**Your instructions**
Skip pictures in the listing below; copy exactly the lines from the one with "Netgear A6100 Linux Driver" through the one with "Dàn mỹ nhân", inclusive.

**Source data**
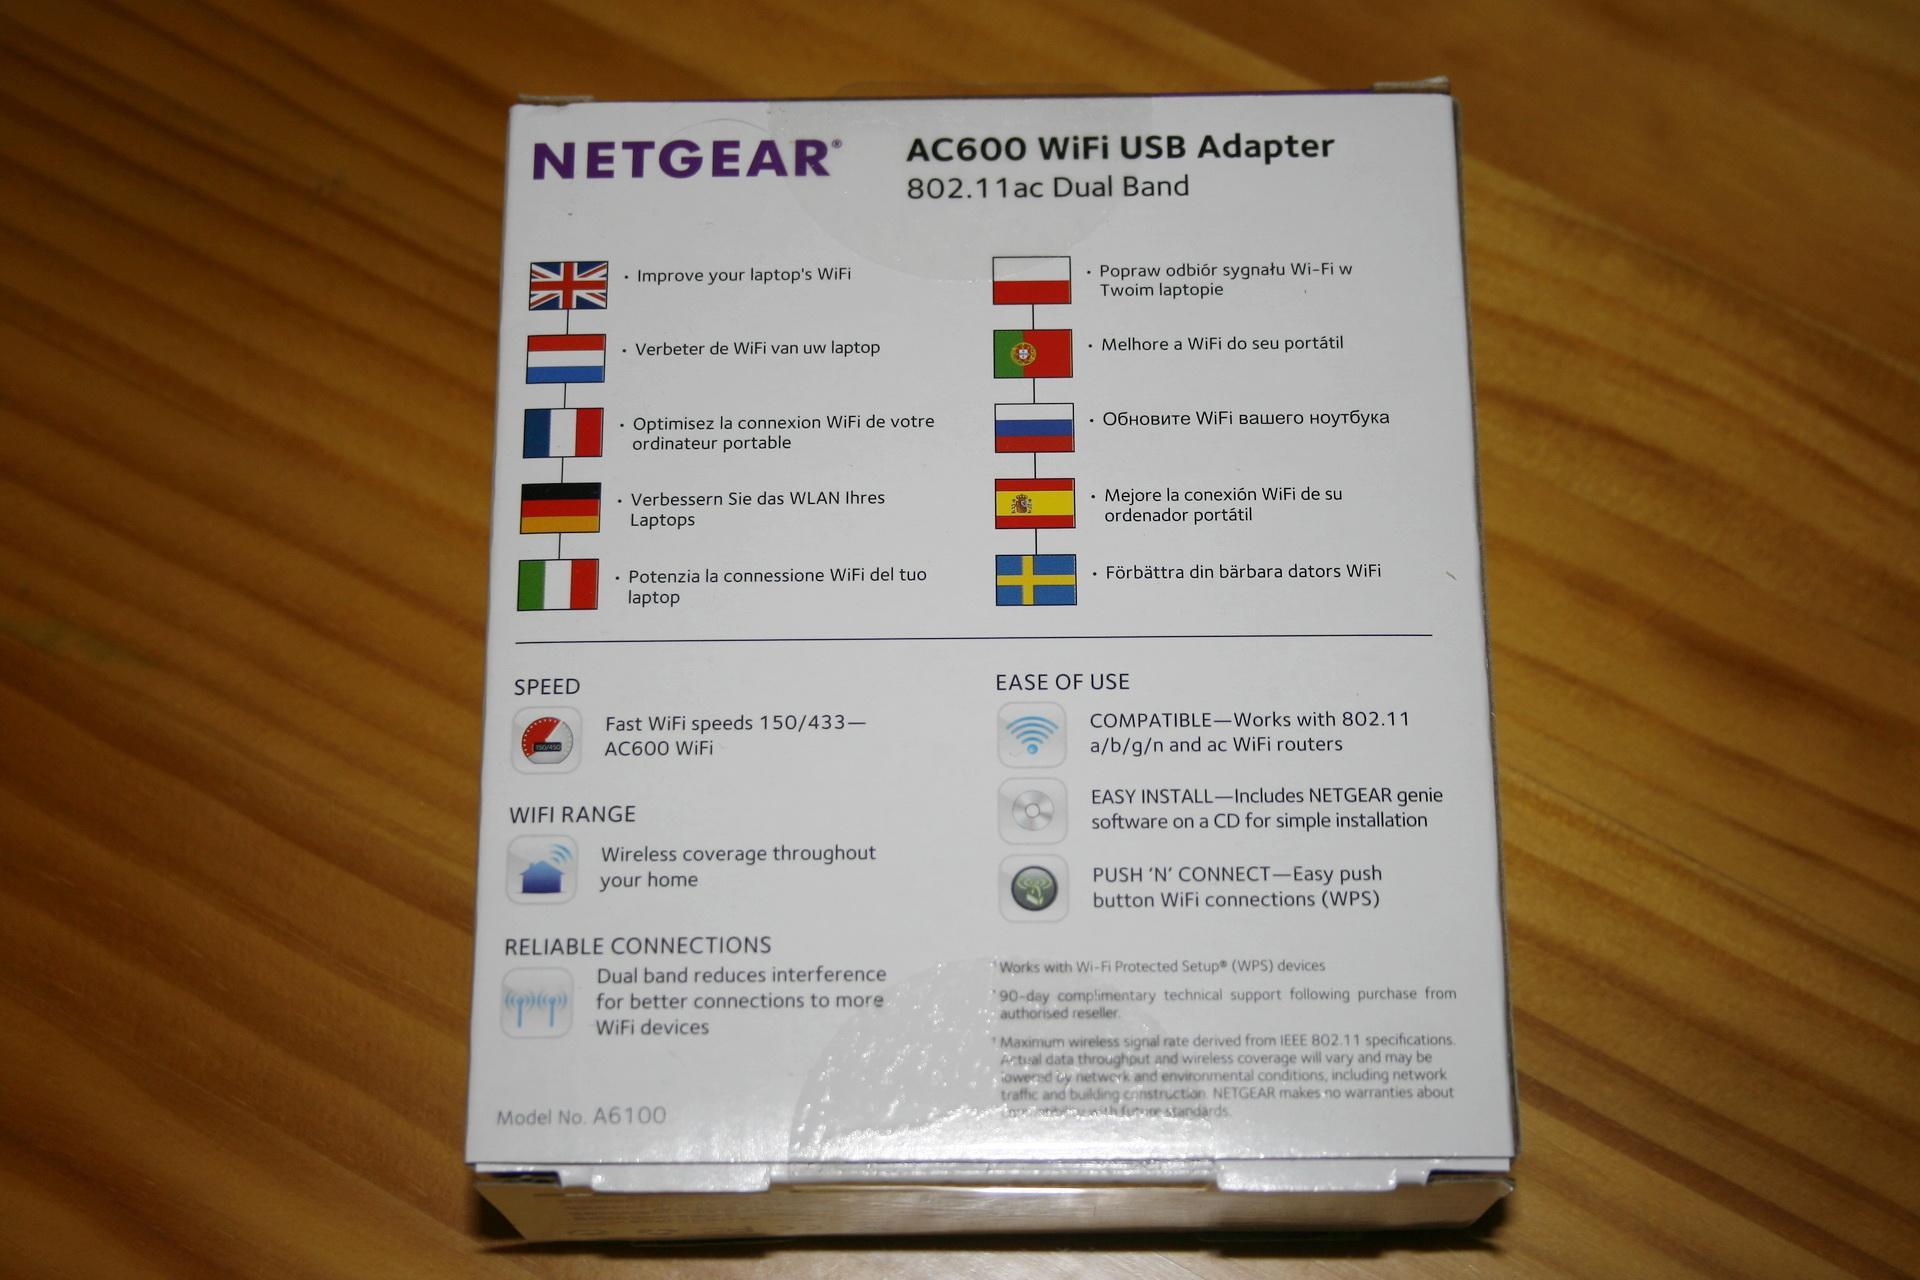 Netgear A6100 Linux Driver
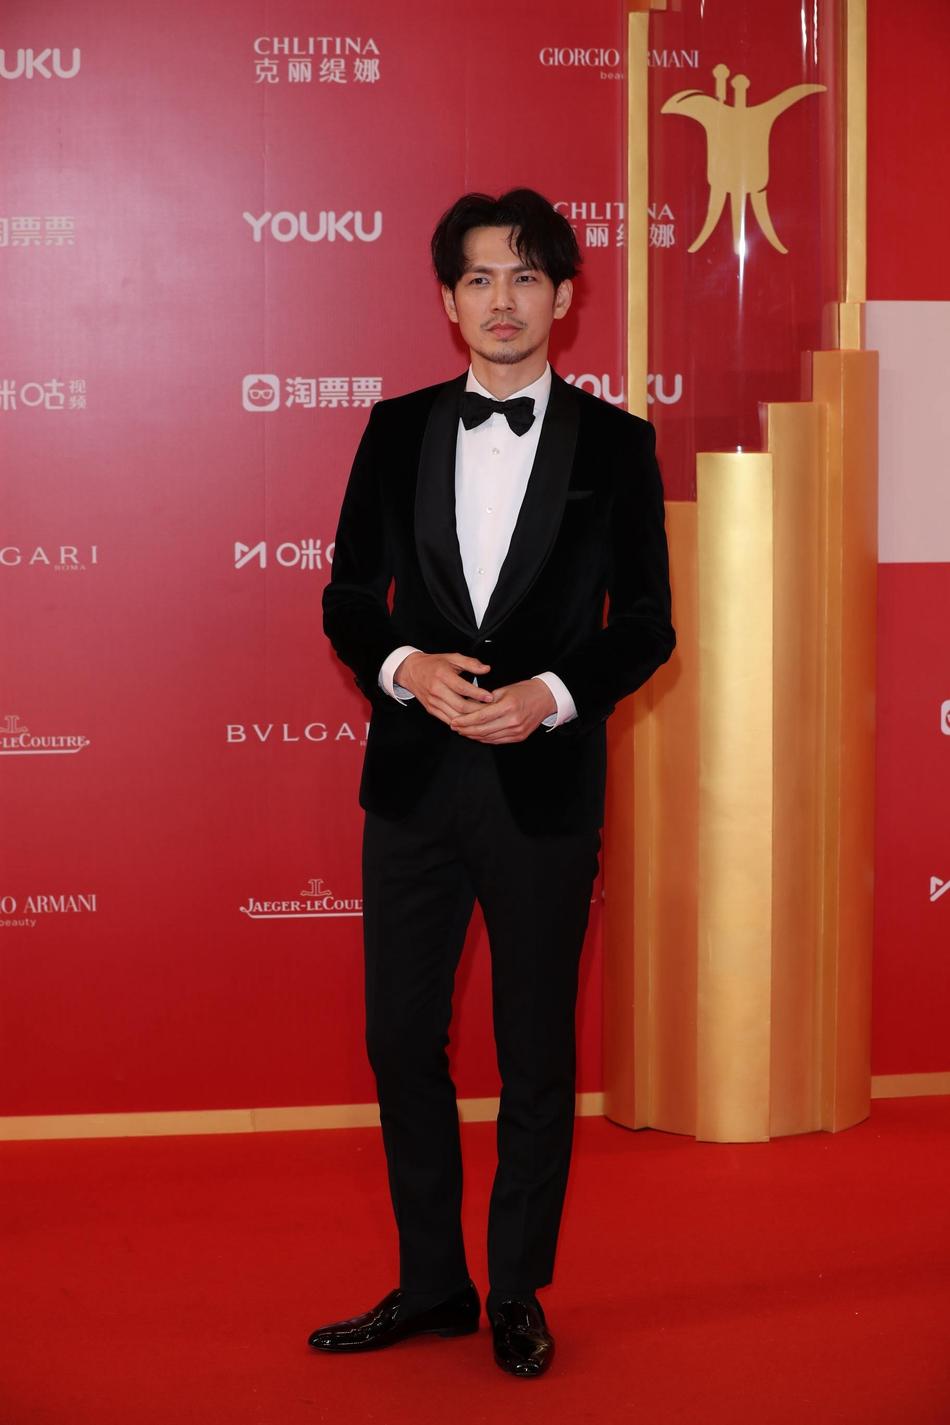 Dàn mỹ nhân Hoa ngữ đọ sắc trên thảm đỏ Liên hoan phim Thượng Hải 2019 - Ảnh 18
* * *
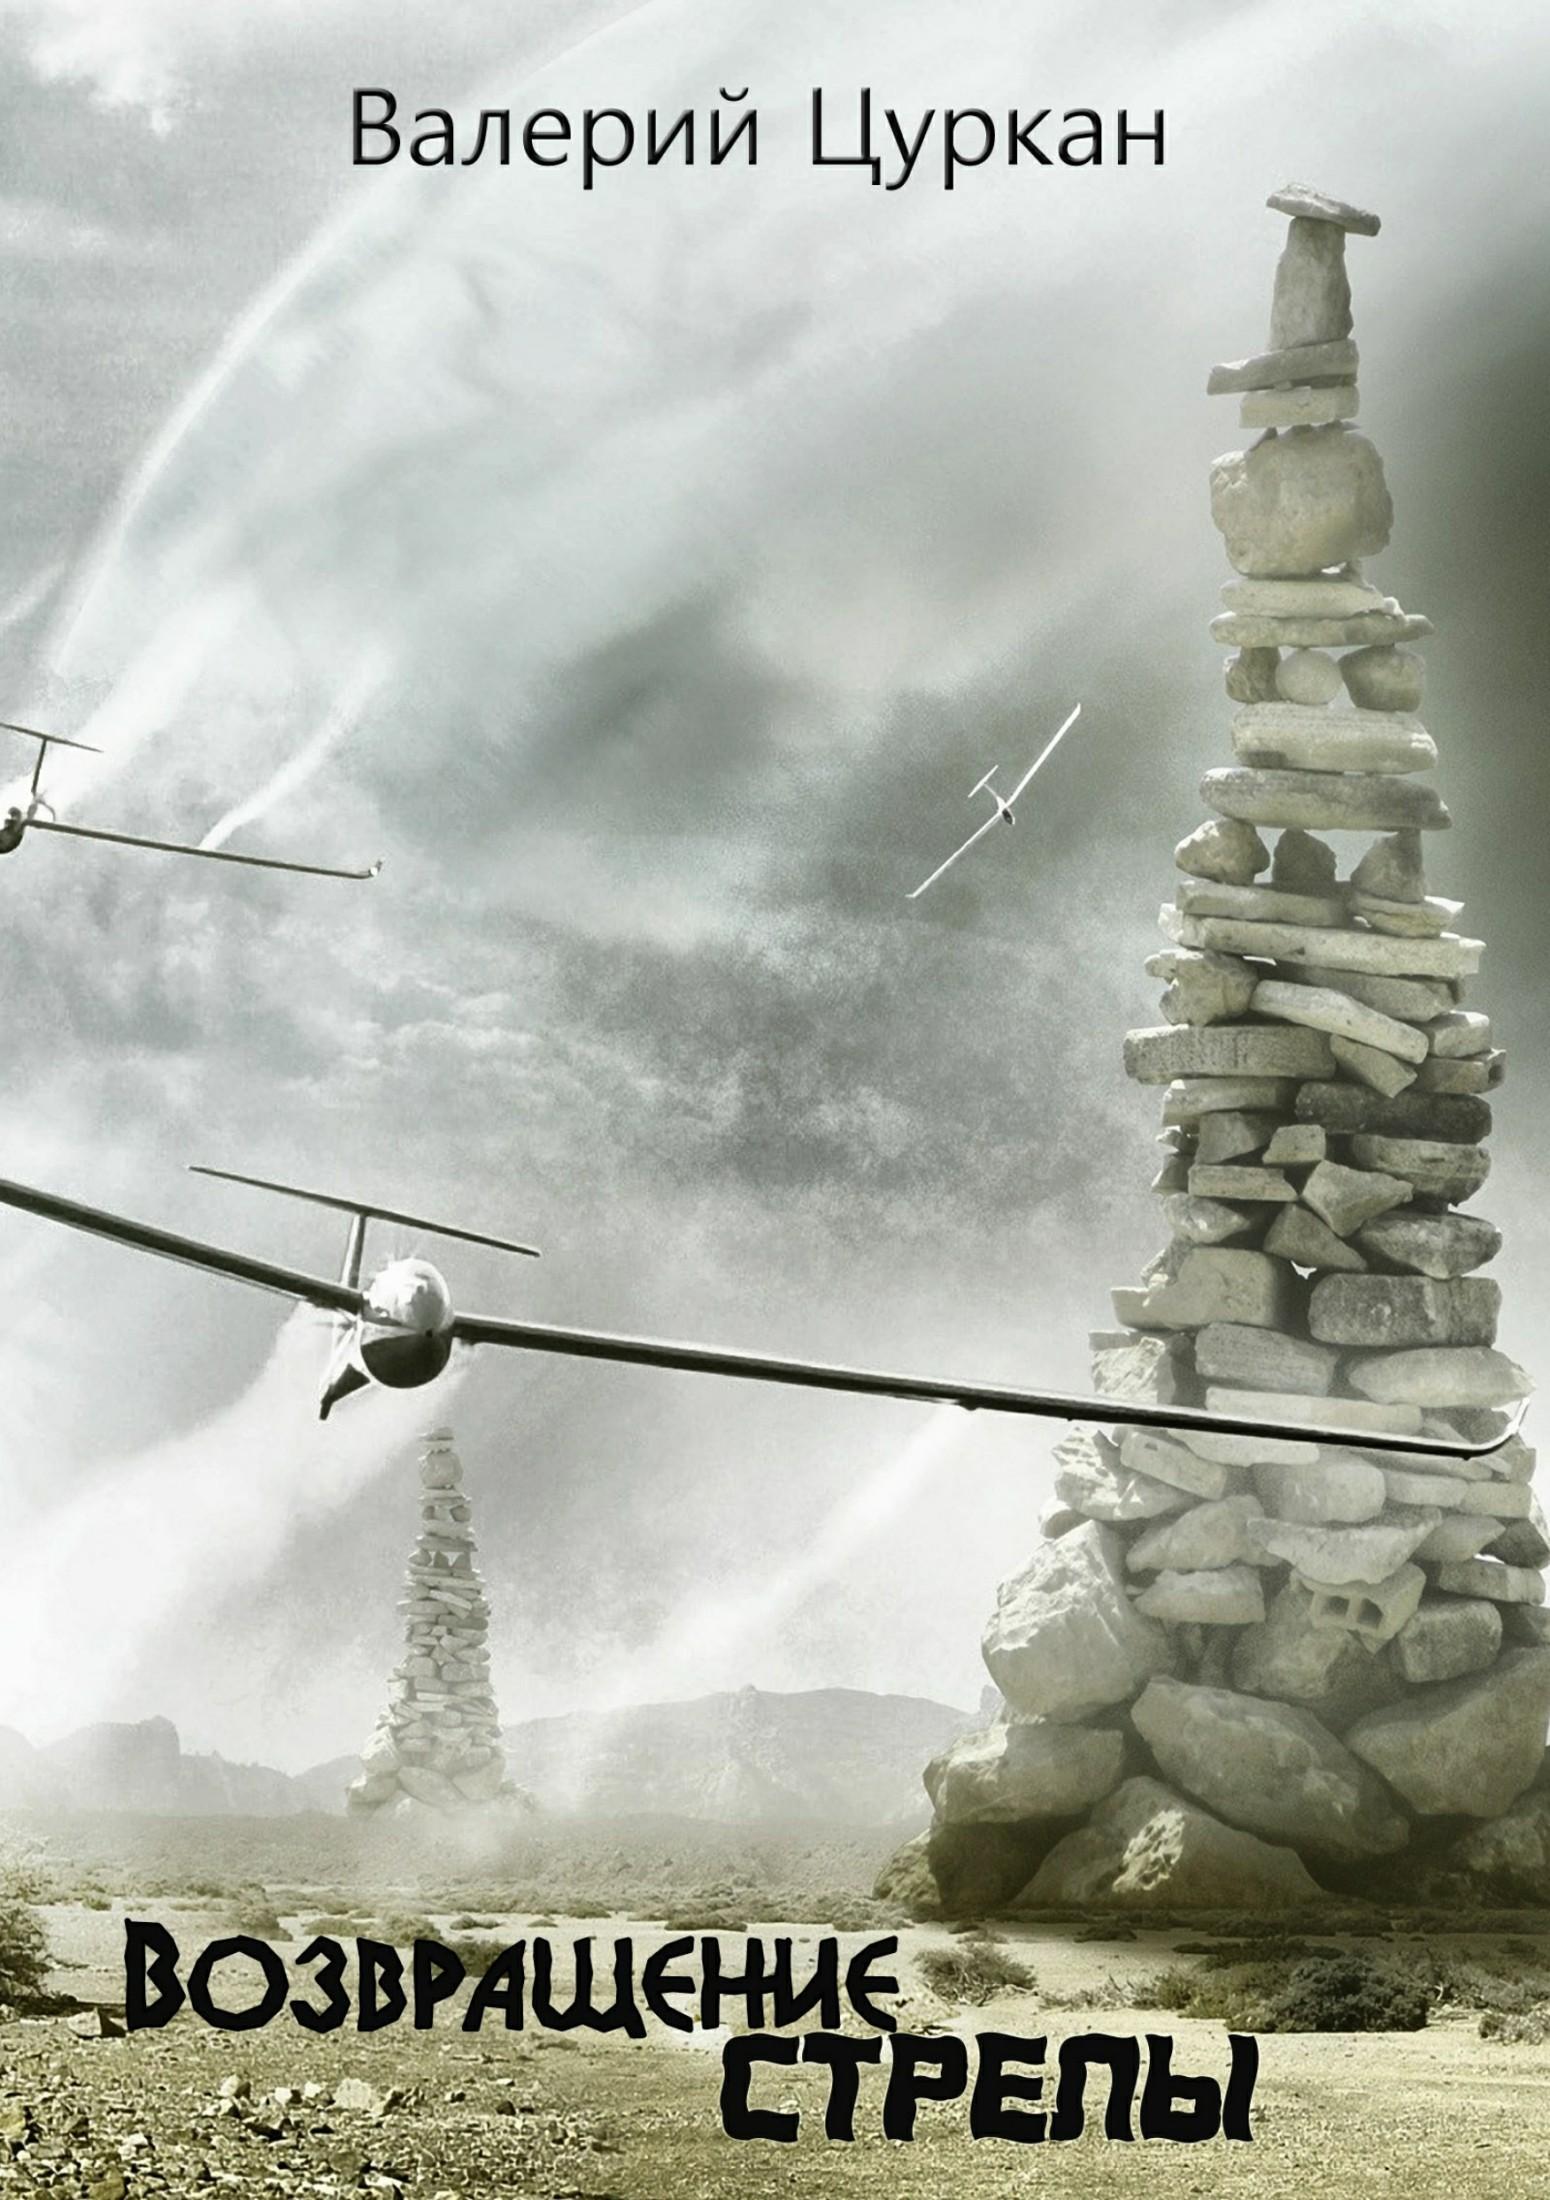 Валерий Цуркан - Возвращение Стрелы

**Completed task**
 Netgear A6100 Linux Driver
 Dàn mỹ nhân Hoa ngữ đọ sắc trên thảm đỏ Liên hoan phim Thượng Hải 2019 - Ảnh 18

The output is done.